Personne n’arrive à décrypter les signaux contradictoires envoyés par le nouvel homme fort.

« Evariste Ndayishimiye est une émanation de l’ancien régime, de l’actuel parti CNDD-FDD. Il a toujours soutenu la politique de répression de son prédécesseur Pierre Nkurunziza. Cette politique a été instaurée à l’époque, mais elle est toujours en vigueur », explique Thierry Vircoulon, chercheur à l’Institut français des relations internationales (IFRI) au micro de la Deutsche Welle. A l’instar de certains, il ne s’attend pas à de grandes différences entre le nouveau président et l’ancien, tous deux moulés dans le même système au sein du parti au pouvoir.

D’autres observateurs se montrent plus patients.
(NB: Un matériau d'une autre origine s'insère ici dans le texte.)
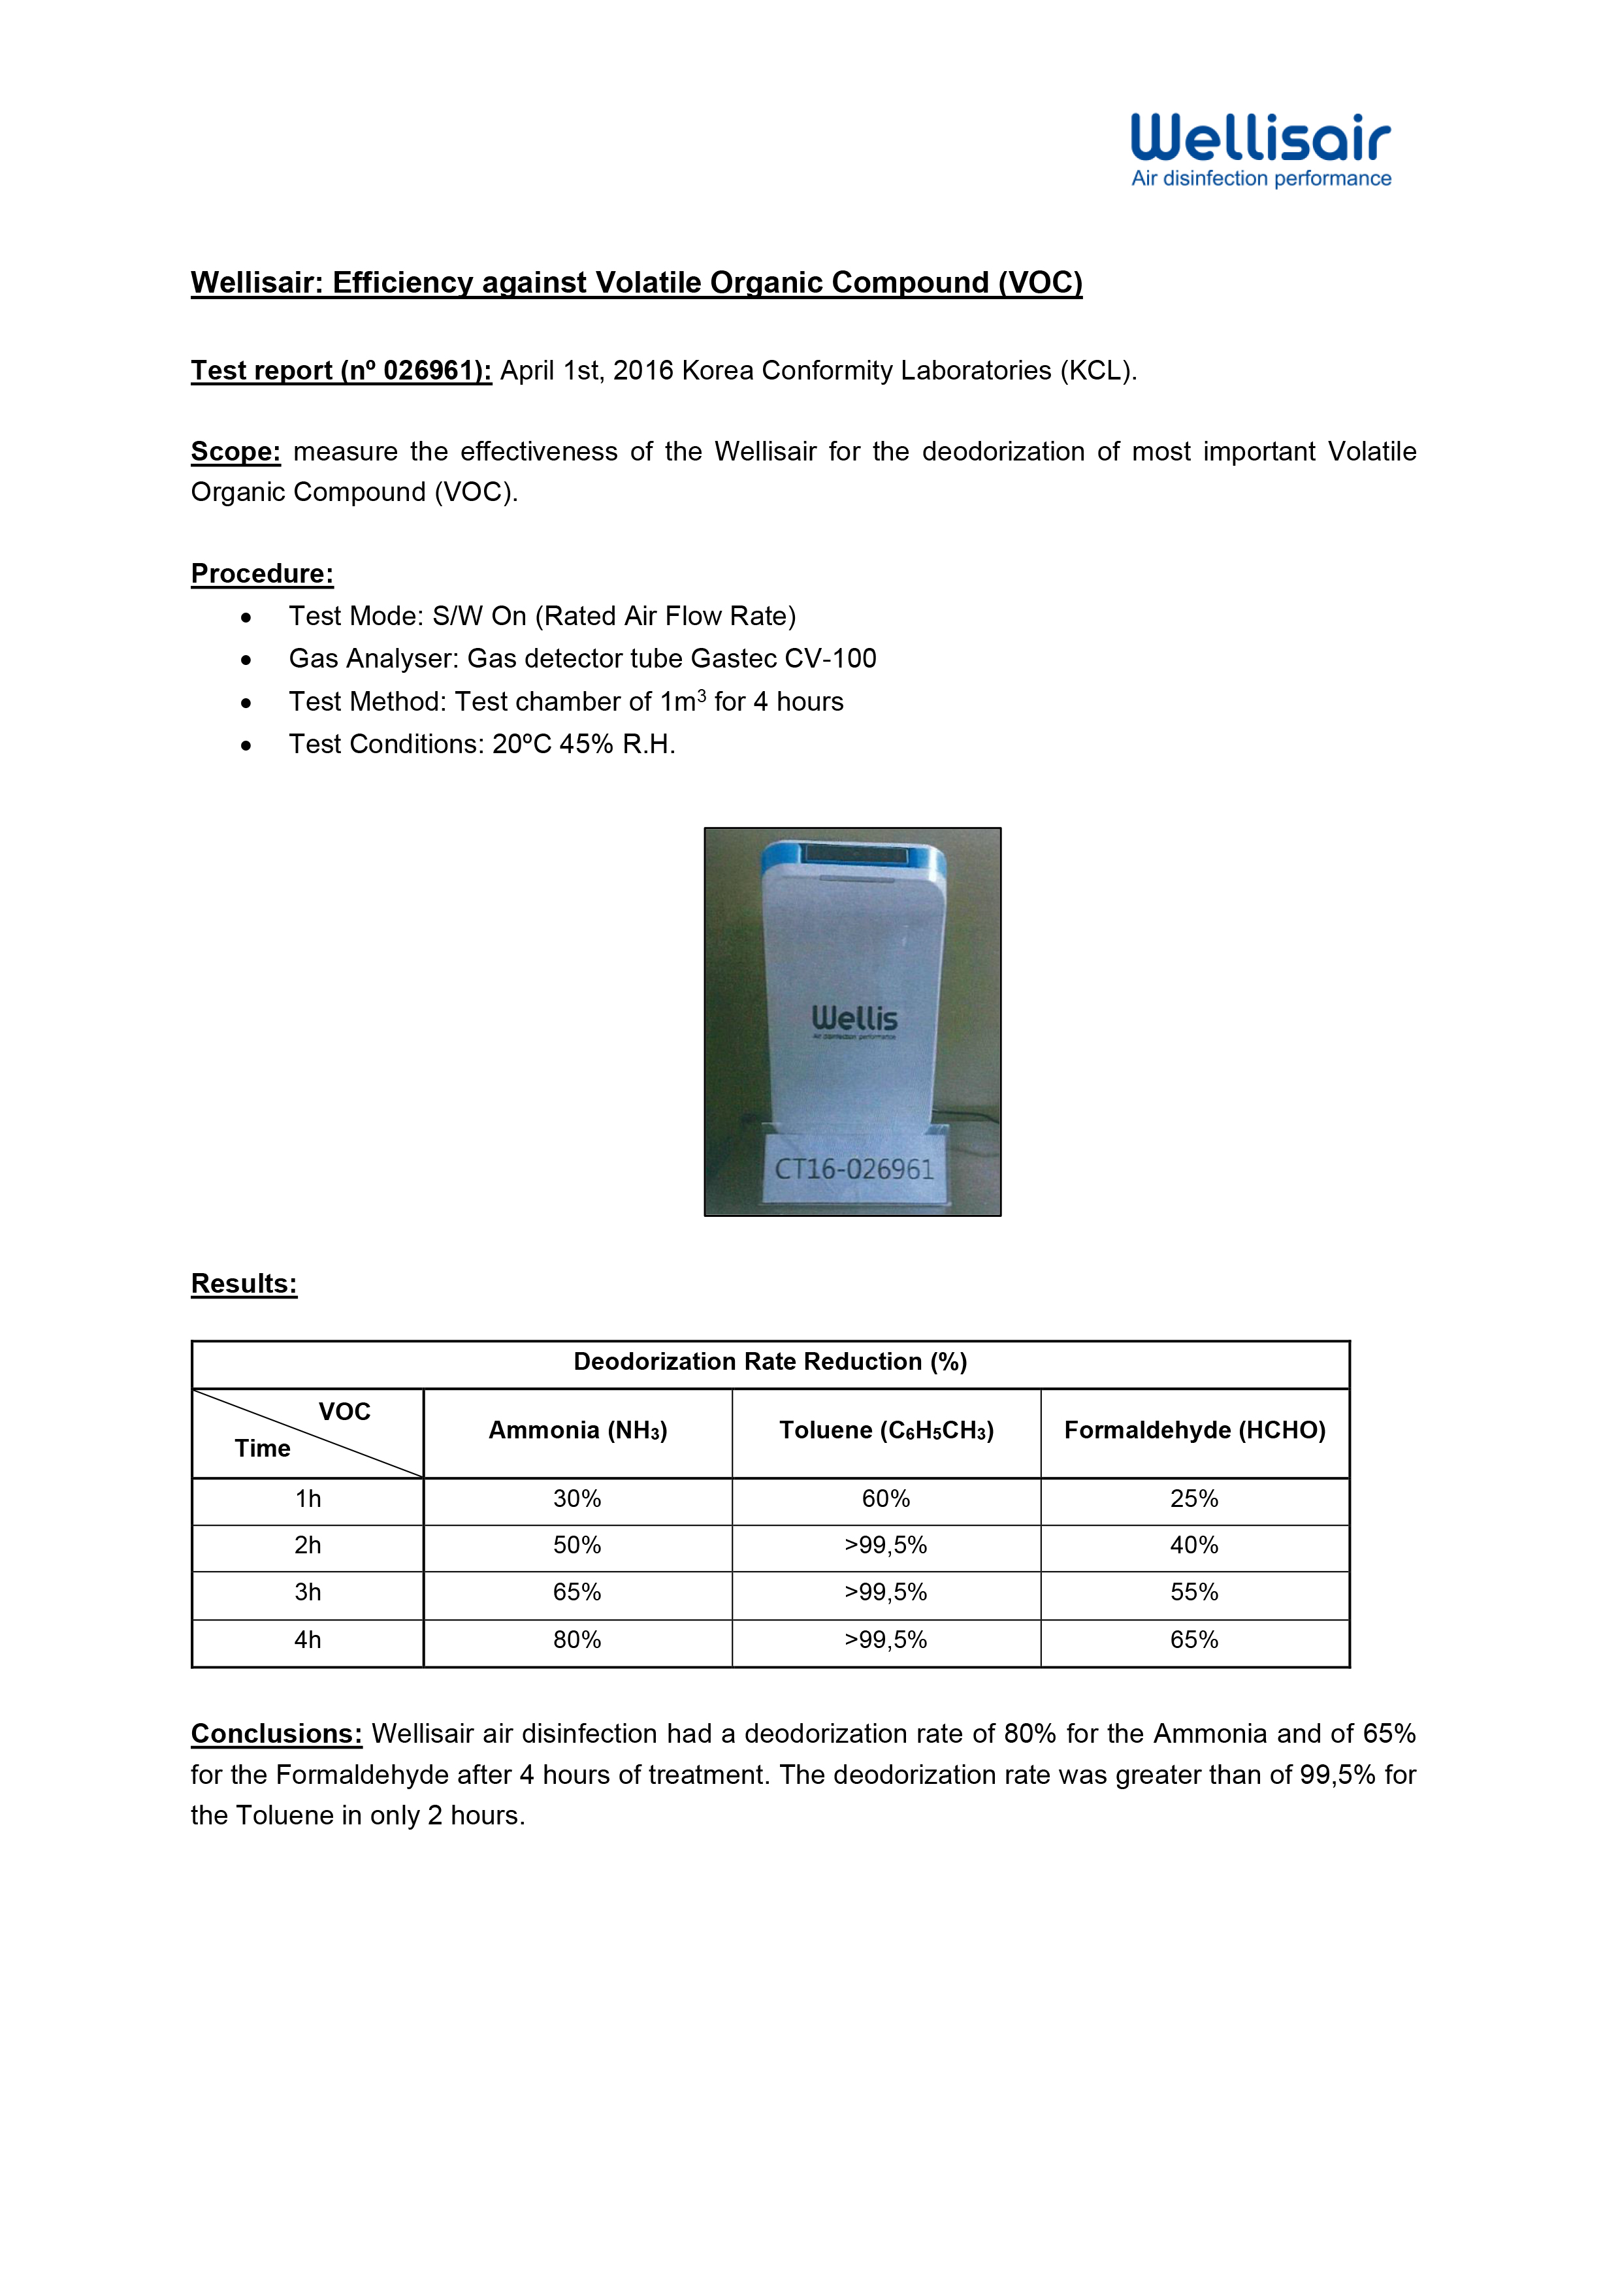 Efficiency against Volatile Organic Compound (VOC) deodorization - Test result Korea Conformity Laboratories

C’est le cas de Jean-Jacques Wondo Omanyundu, chercheur au sein du Groupe de recherche et d'information sur la paix et la sécurité (GRIP). « Laissons-lui le bénéfice du doute et un peu de temps pour voir s’il peut vraiment faire avancer le dossier des droits de l’homme. En attendant, il faut rester sceptique en tant qu’observateurs internationaux. Il faut voir quelles seront ses prises de position concrètes, notamment vis-à-vis des partis d’opposition ».

« En attendant, il faut rester sceptique en tant qu’observateurs internationaux. Il faut voir quelles seront ses prises de position concrètes, notamment vis-à-vis des partis d’opposition ».
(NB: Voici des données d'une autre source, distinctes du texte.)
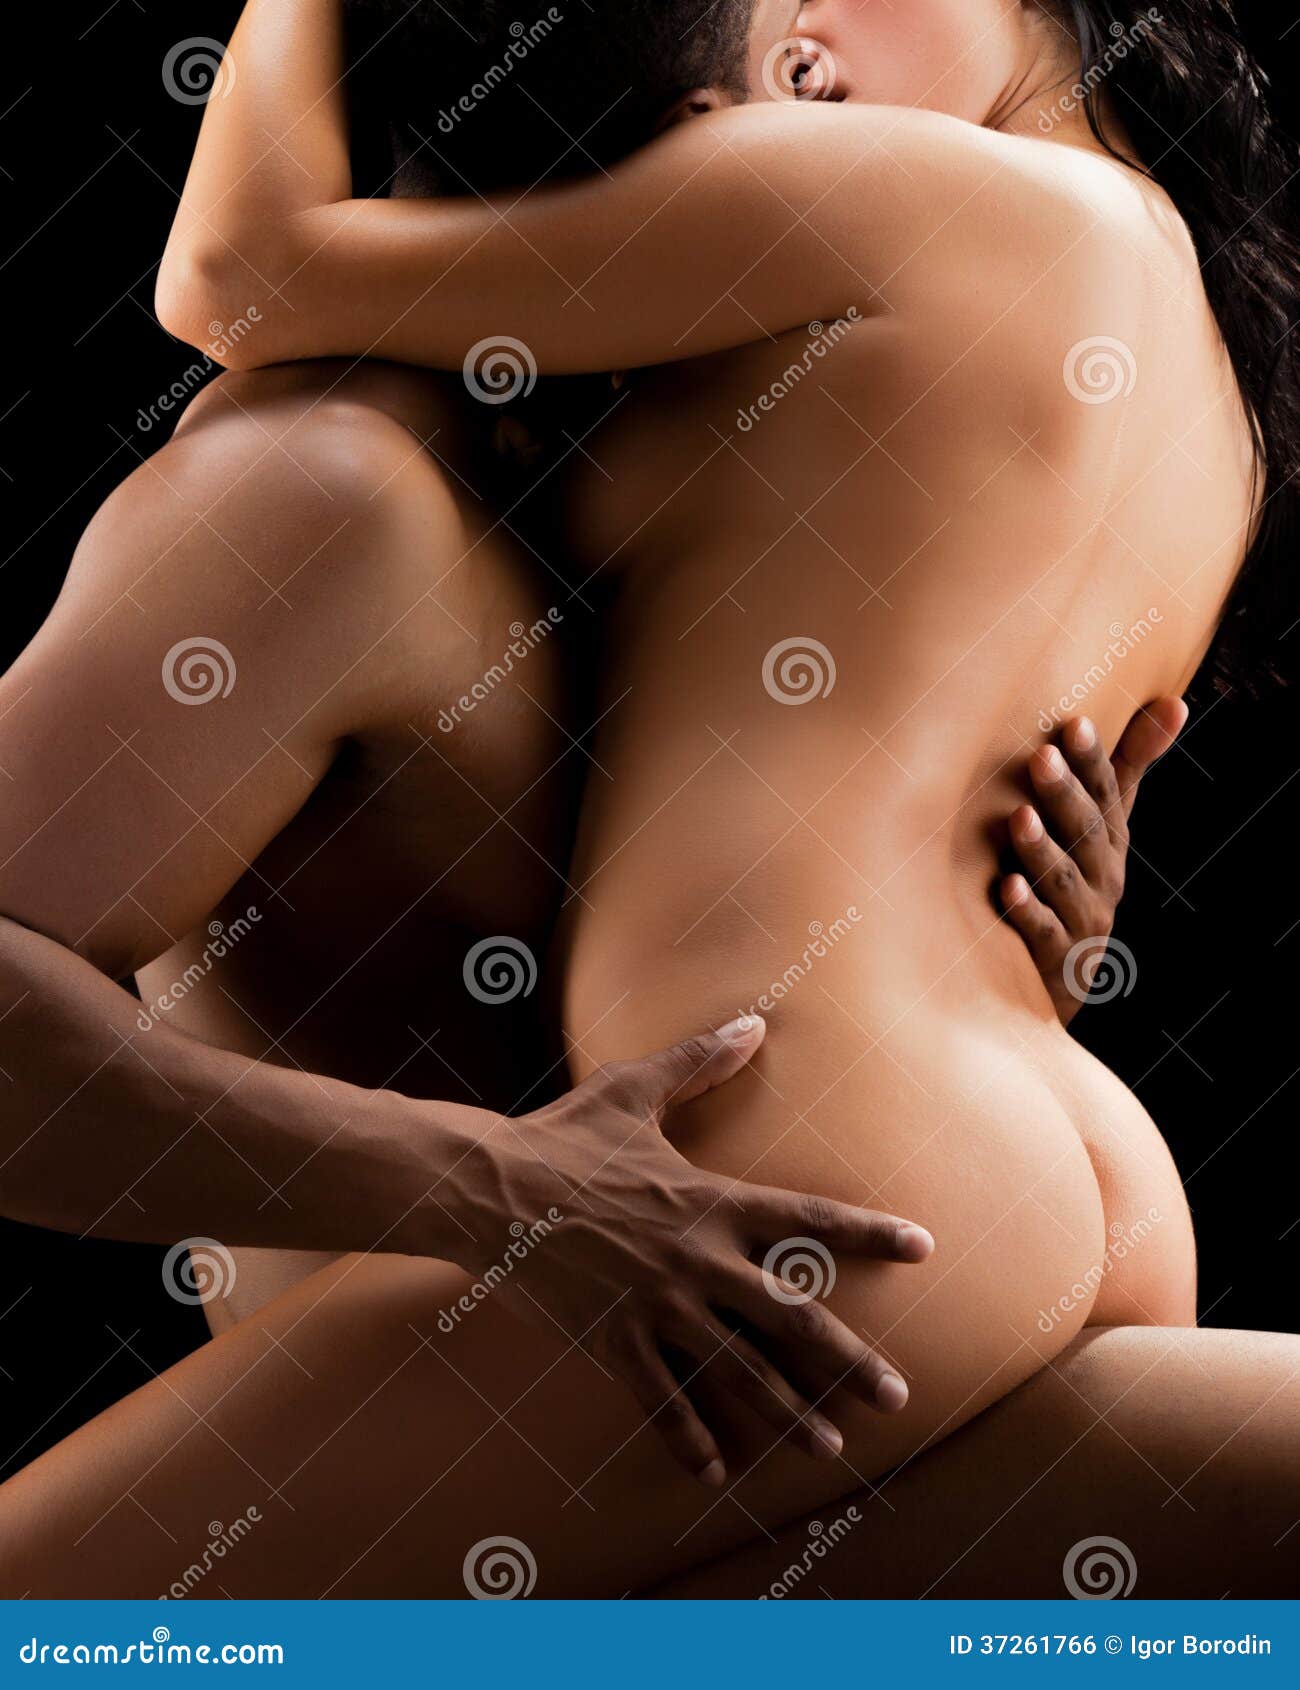 Art photo of nude couple stock photo. Image of adult - 37261766

Effectivement, les premiers jours du nouveau président à la tête du Burundi ne sont pas exactement un remake de ceux de son prédécesseur. Evariste Ndayishimiye tend la main à la presse pour pacifier les relations avec l’exécutif. Le nouveau président appelle également les exilés à revenir dans leur pays, non sans oublier de les traiter de « sans-cœur » pour être partis avec la crise de 2015, craignant pour leurs vies. Finalement, personne n’arrive à décrypter les signaux contradictoires envoyés par le nouvel homme fort. Sans oublier que le pays reste dans une situation économique compliquée.
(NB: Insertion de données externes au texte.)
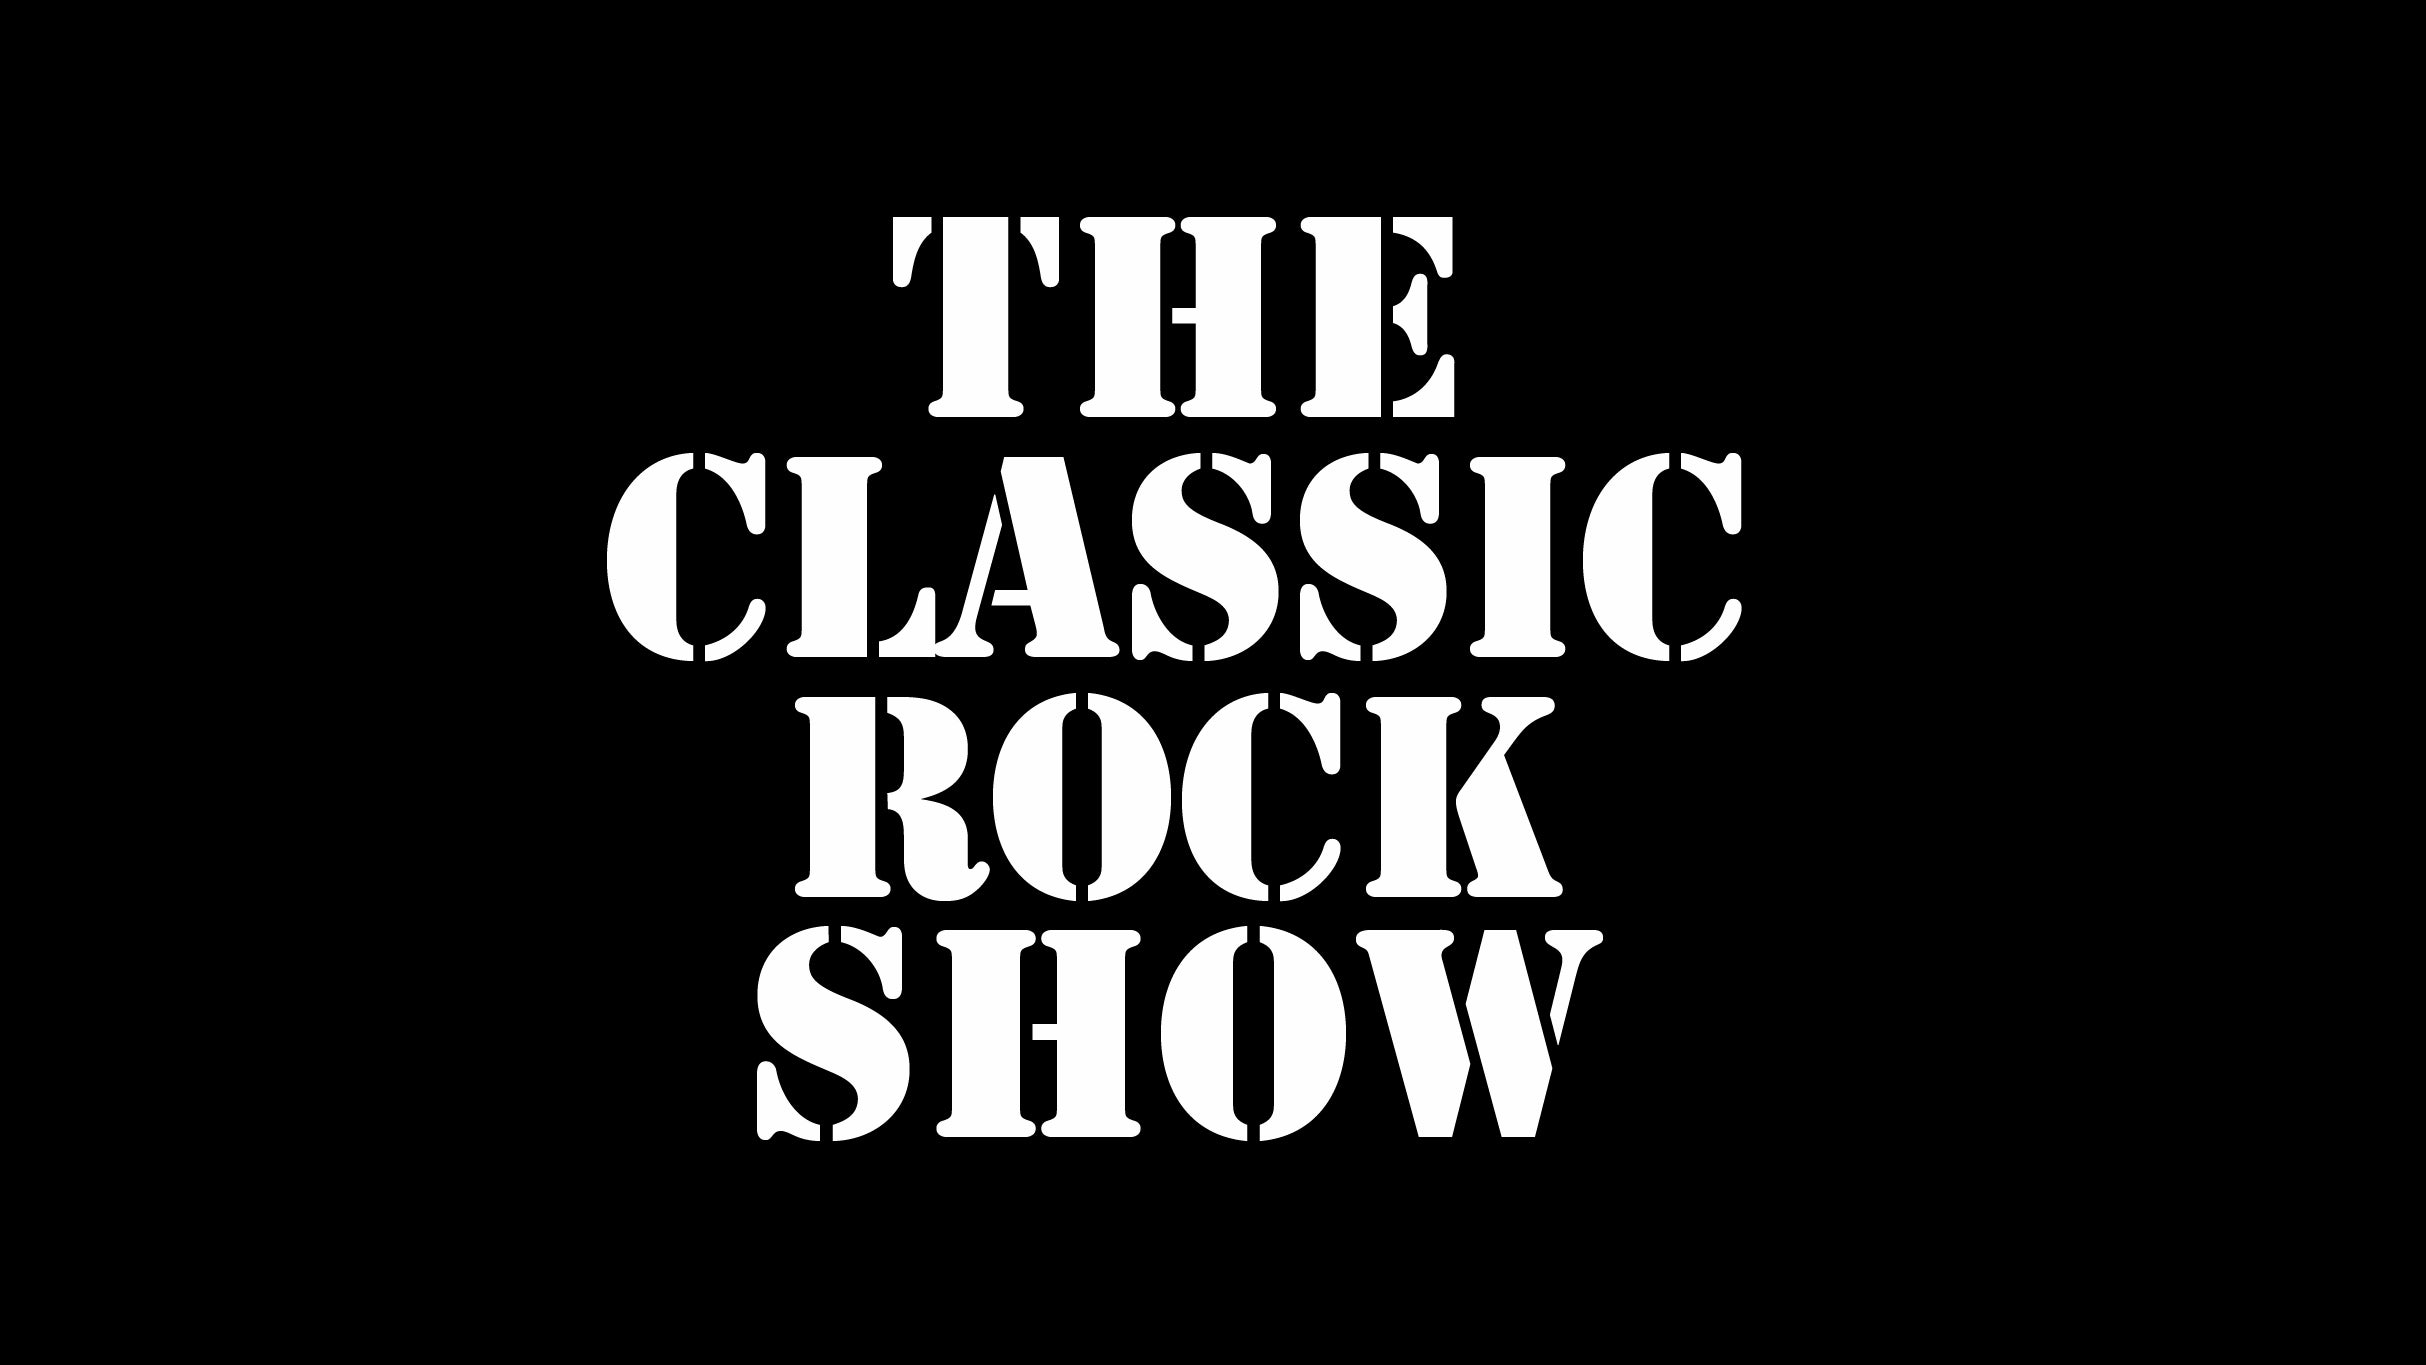 Classic Rock Show in Cincinnati promo photo for Official Platinum presale offer code

La Covid-19 est venue aggraver la situation d’un pays où la dépréciation du franc burundais a fait des ravages. Pour ne rien arranger, le pays est privé de produits importés à cause de sanctions des bailleurs de fonds, opposés à la dérive autocratique du précédent chef d’Etat. C’est peut-être cela qui obligera son successeur à montrer patte blanche à la communauté internationale, pour se refaire économiquement. Mais encore faut-il savoir si cette évolution sera tolérée par généraux de la rébellion, à qui le nouveau président doit quand même d’avoir été choisi pour succéder à son ami.